How these five items are arranged in files
So first, let’s talk about how you generate this code.  Generated code for WSDAPI-based applications comes from the WsdCodeGen tool the WSDAPI team publishes.  The following is a slight oversimplification, but you can run the WsdCodeGen tool on a set of WSDLs, and it will produce a bunch of C++ and IDL files.  And for those of you who don’t already know, WsdCodeGen is available in the various iterations of the Windows SDK (Vista SDK, Server 2008 SDK, etc.).

So let’s say you’ve got your Webcam WSDL and you’ve run it through WsdCodeGen.  You’ll end up with six core files:

  • Webcam.idl:  This IDL contains the interfaces described above.  You can use the MIDL tool to compile this into C++ files (Visual Studio knows how this needs to happen).  You can learn all about IWebcam by looking in this file.

  • WebcamTypes.h:  This header contains the type definitions.  You can learn all about things like WEBCAM_RESOLUTION_TYPE inside this file.

  • WebcamTypes.cpp:  This source file contains lots of other stuff.  Don’t poke around in here unless you’re really curious (or are looking for a way to deal with insomnia).

  • WebcamProxy.h: This defines a proxy class that typically extends the interface described in Webcam.idl.  It’s not a bad idea to check this out.

  • WebcamProxy.cpp: Another source file with “other stuff.”  Again, boring.

  • WebcamStub.cpp: This source file defines stub functions.  Don’t bother unless you’re bored.

Of course, WsdCodeGen automatically chooses these filenames so they’re somewhat appropriate for your application, so if you’re building a network-attached blender, then it’s unlikely you’ll end up with files starting with “Webcam.”

Can I look inside the generated code?
Absolutely.  In fact, I was originally going to post the contents of the proxy code for one of our sample applications, but this post has since grown to be way longer than I originally expected, so I won’t bloat it even more by including code you can read on your own.

So since I’m not including code wholesale, I’ll direct you to the two WSDAPI samples in the Windows SDK (StockQuote and FileService).  I don’t recall if generated code is included directly in the same (uhh…I feel like I should know that), but you can generate it easily enough from the included WSDLs.

That’s great.  Now how do I use all of this?
Alas, this is where things get beyond the scope of this article.  Generated code is (on the surface) pretty simple stuff, so all you should need to use it is a basic understanding of the few fundamental WSDAPI control objects: specifically the IWSDDeviceProxy, IWSDServiceProxy, and IWSDDeviceHost.  They’re fairly straightforward and you probably won’t have difficulty understanding them on your own, but you’ll have to wait until the next installment of WSDAPI 101 if you want to hear what I’ve got to say about them.

So with that, see you next time!

Comments (6)

  1. anderzubi says:

    Hello Dan,

    Is it possible to use wsdcodegen.exe tool to generate code from multiple files?

    I have defined a contract interface using WCF and then extracted the wsdl description with Svcutil.exe, but it generates multible .wsdl and .xsd files.
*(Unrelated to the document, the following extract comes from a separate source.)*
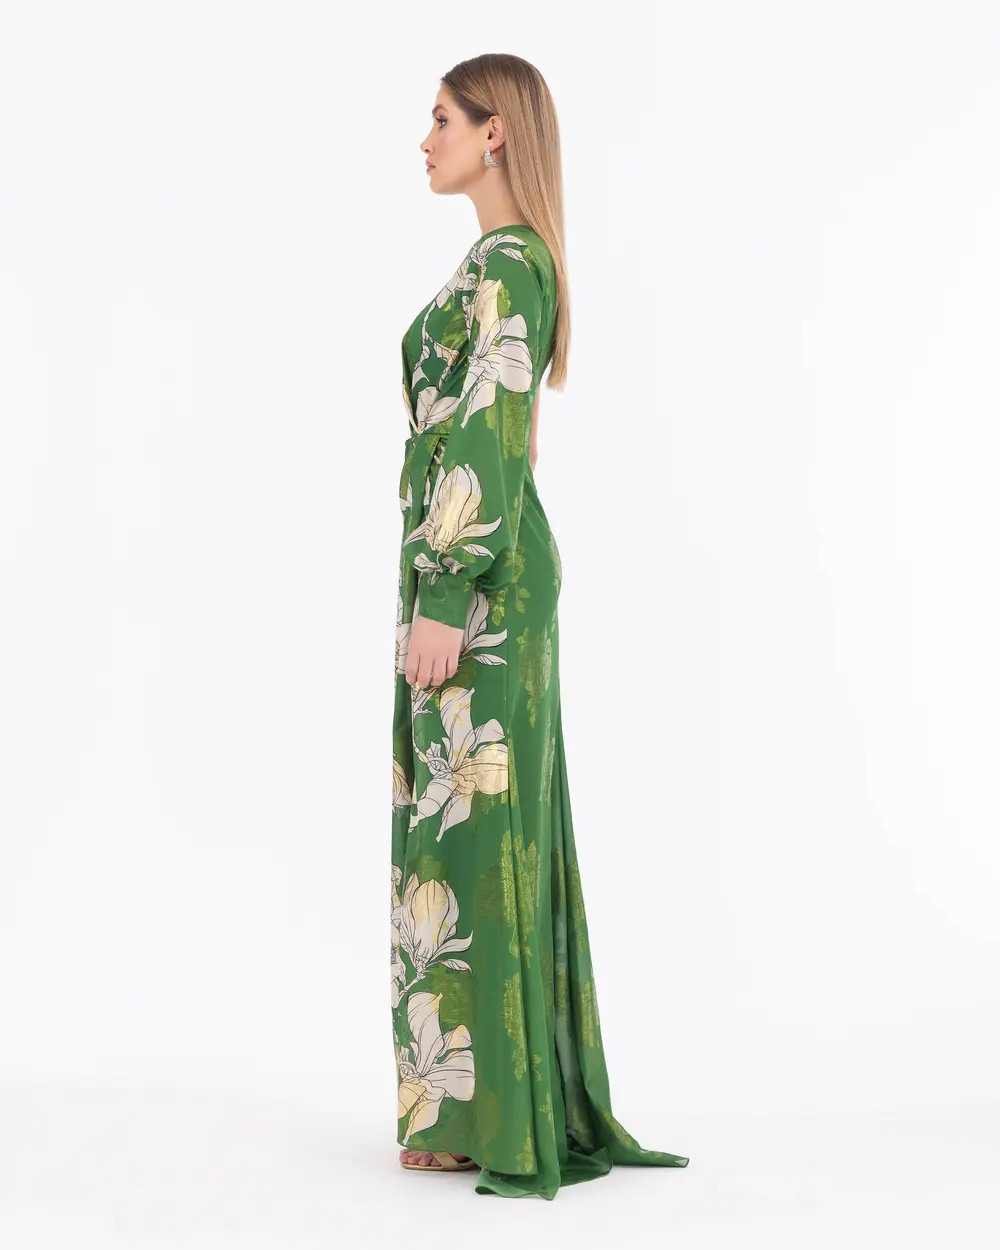 Floral Patterned Single Sleeve Asymmetrical Collar Evening Dress
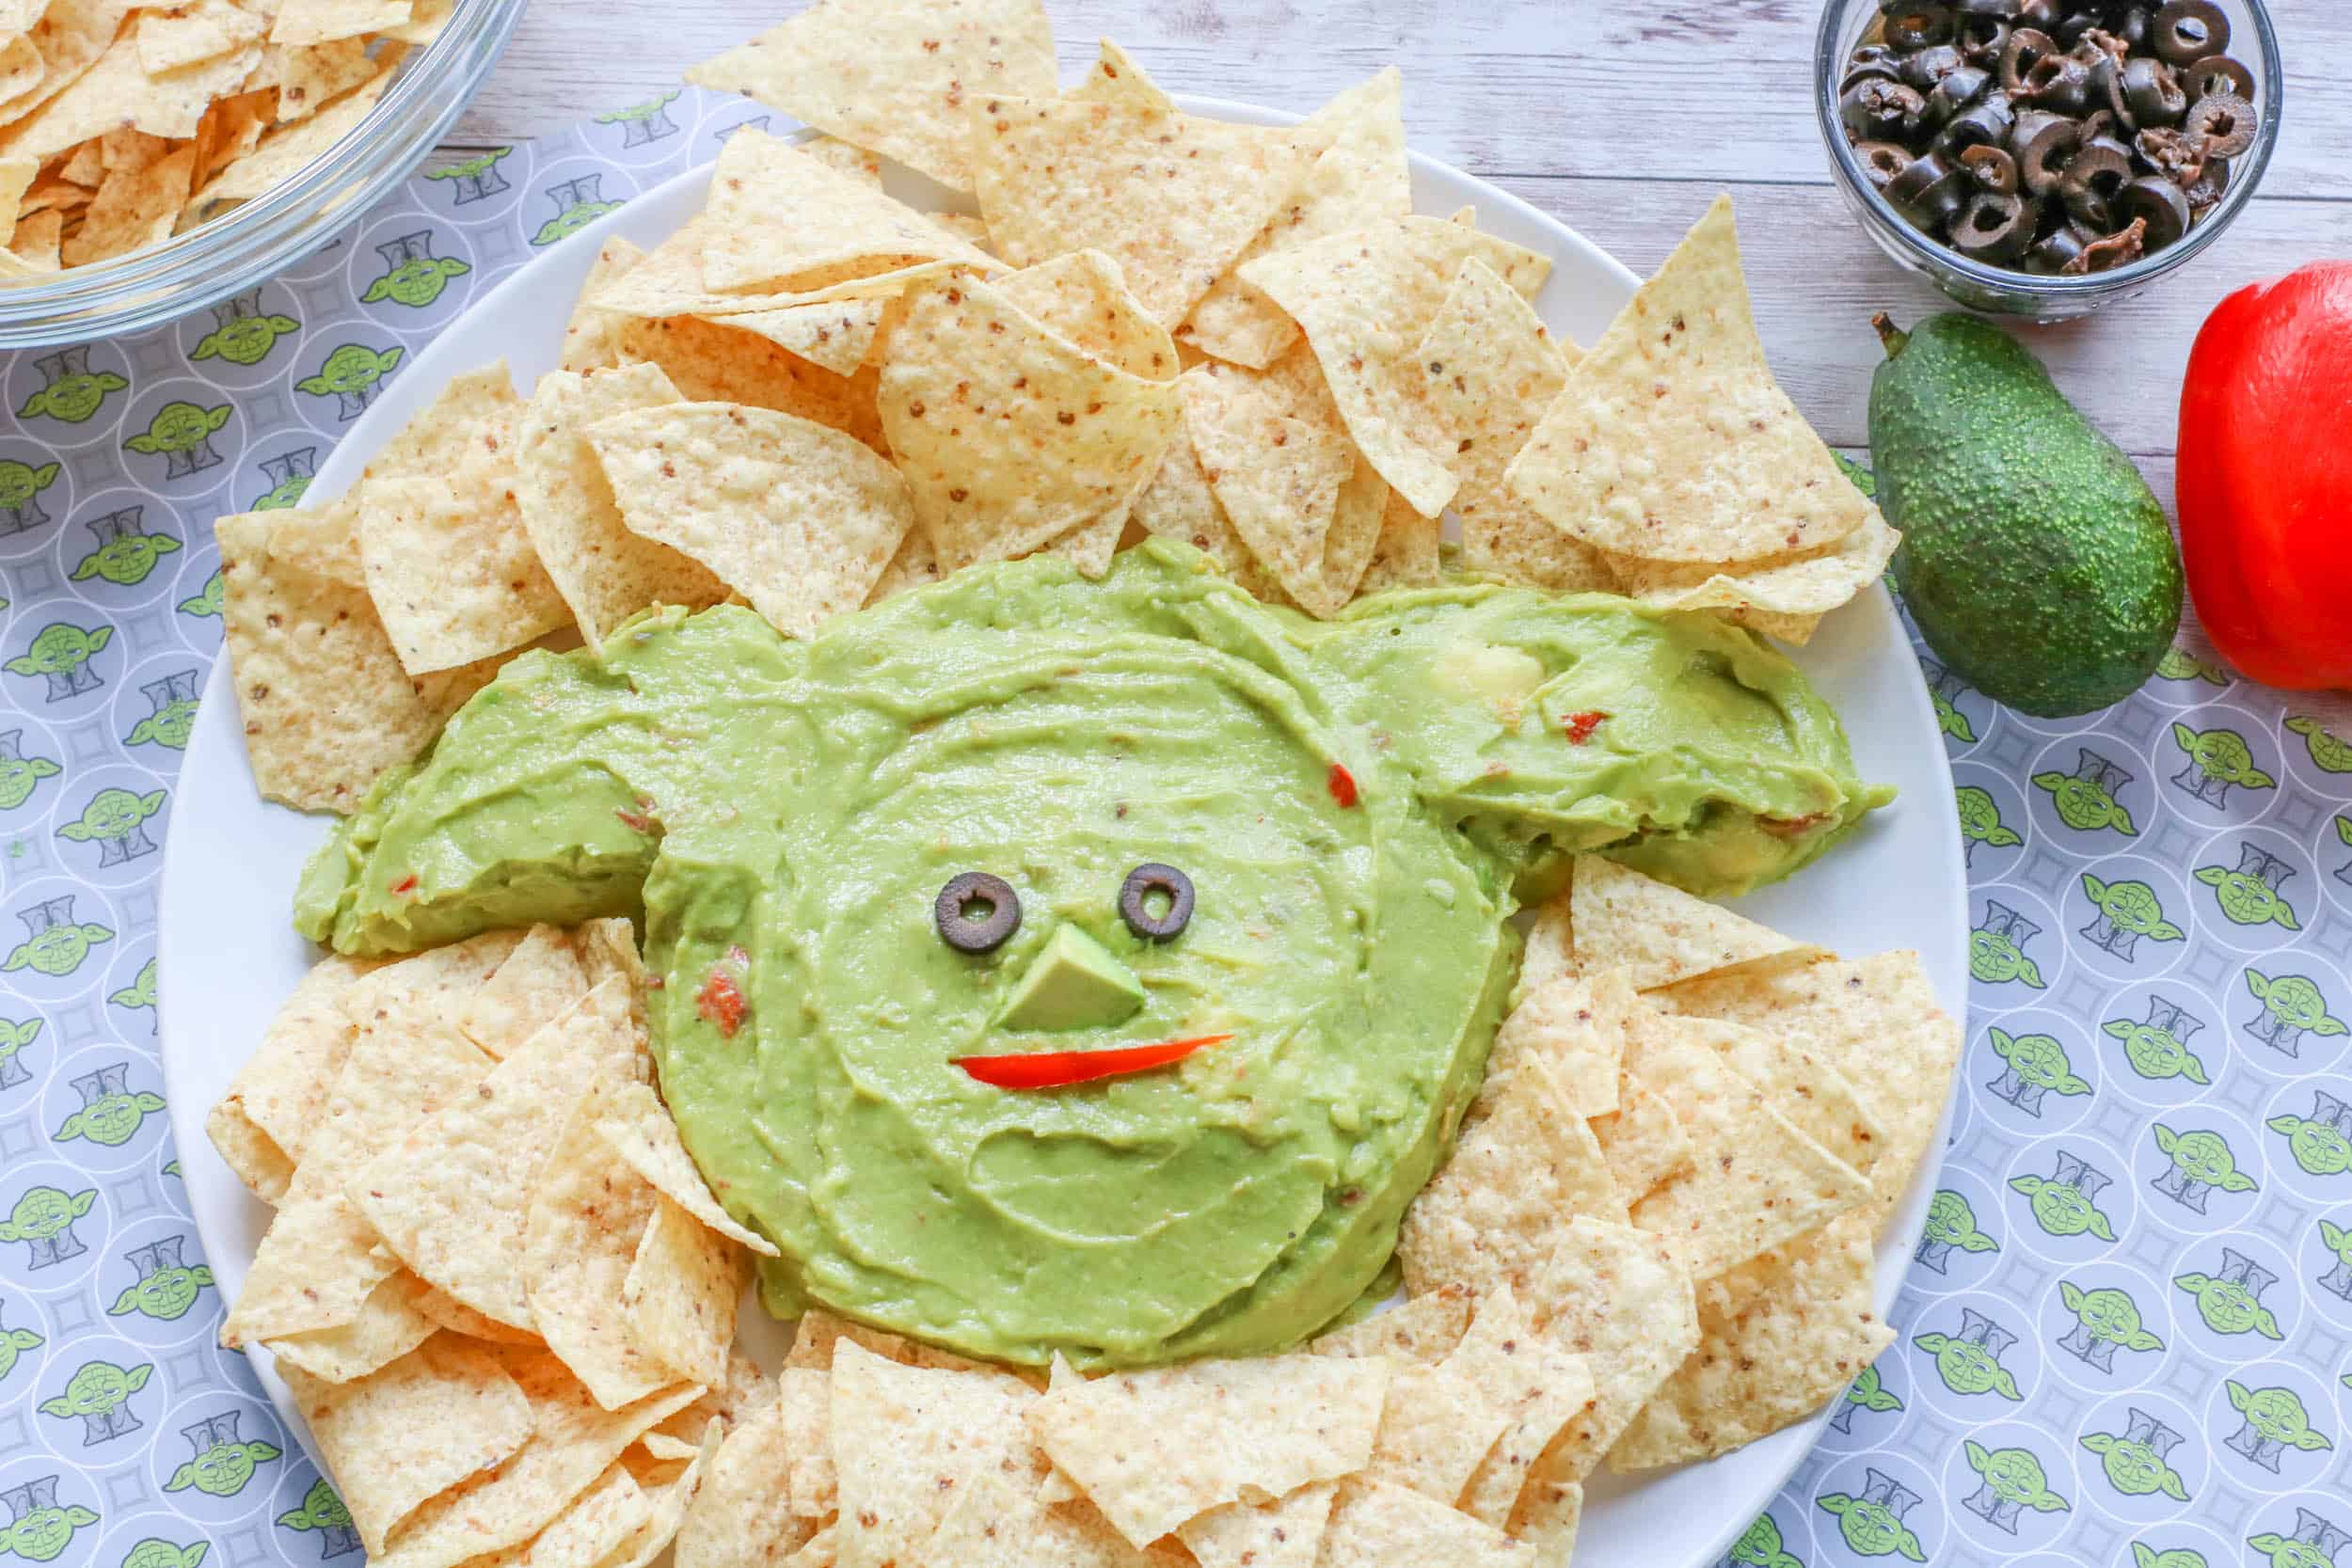 How to make a Baby Yoda guacamole platter

When I try to generate code using wsdcodegen.exe I get an error.

    What could I do to generate the code?


  2. anderzubi says:

    Nevermind. Solved. It was a problem with imports in the wsdl file.

  3. Mahen says:

    Hello Dan,

    Is it possible to access WSDAPI service from WCF client.


  4. dandris says:

    Hi Mahen-

    It depends on what you would like to do. I haven't been on the WSDAPI team for a while, but when I last looked, WCF could invoke some basic service operations but could not easily handle extra functionality like WS-Eventing and DPWS metadata. WSDAPI also does not publish its own WSDLs (the expectation is that the WSDL is delivered offline) so automatic proxy generation won't work.


  5. Mahen says:


    Deployment scenario is as follows.

    1. WSDAPI service is running on WinCE 7 device

    2. PC based application is .Net based so we wanted to use WCF client at PC end. If we create proxy manually at PC end then, Is it possible to access functionality exposed by WSDPI service to WCF client.


  6. dandris says:

    Hi Mahen-

    I haven't tried it recently. You may be able to get basic service operations to work. Complex operations (WS-Eventing, traversing metadata) will be a challenge.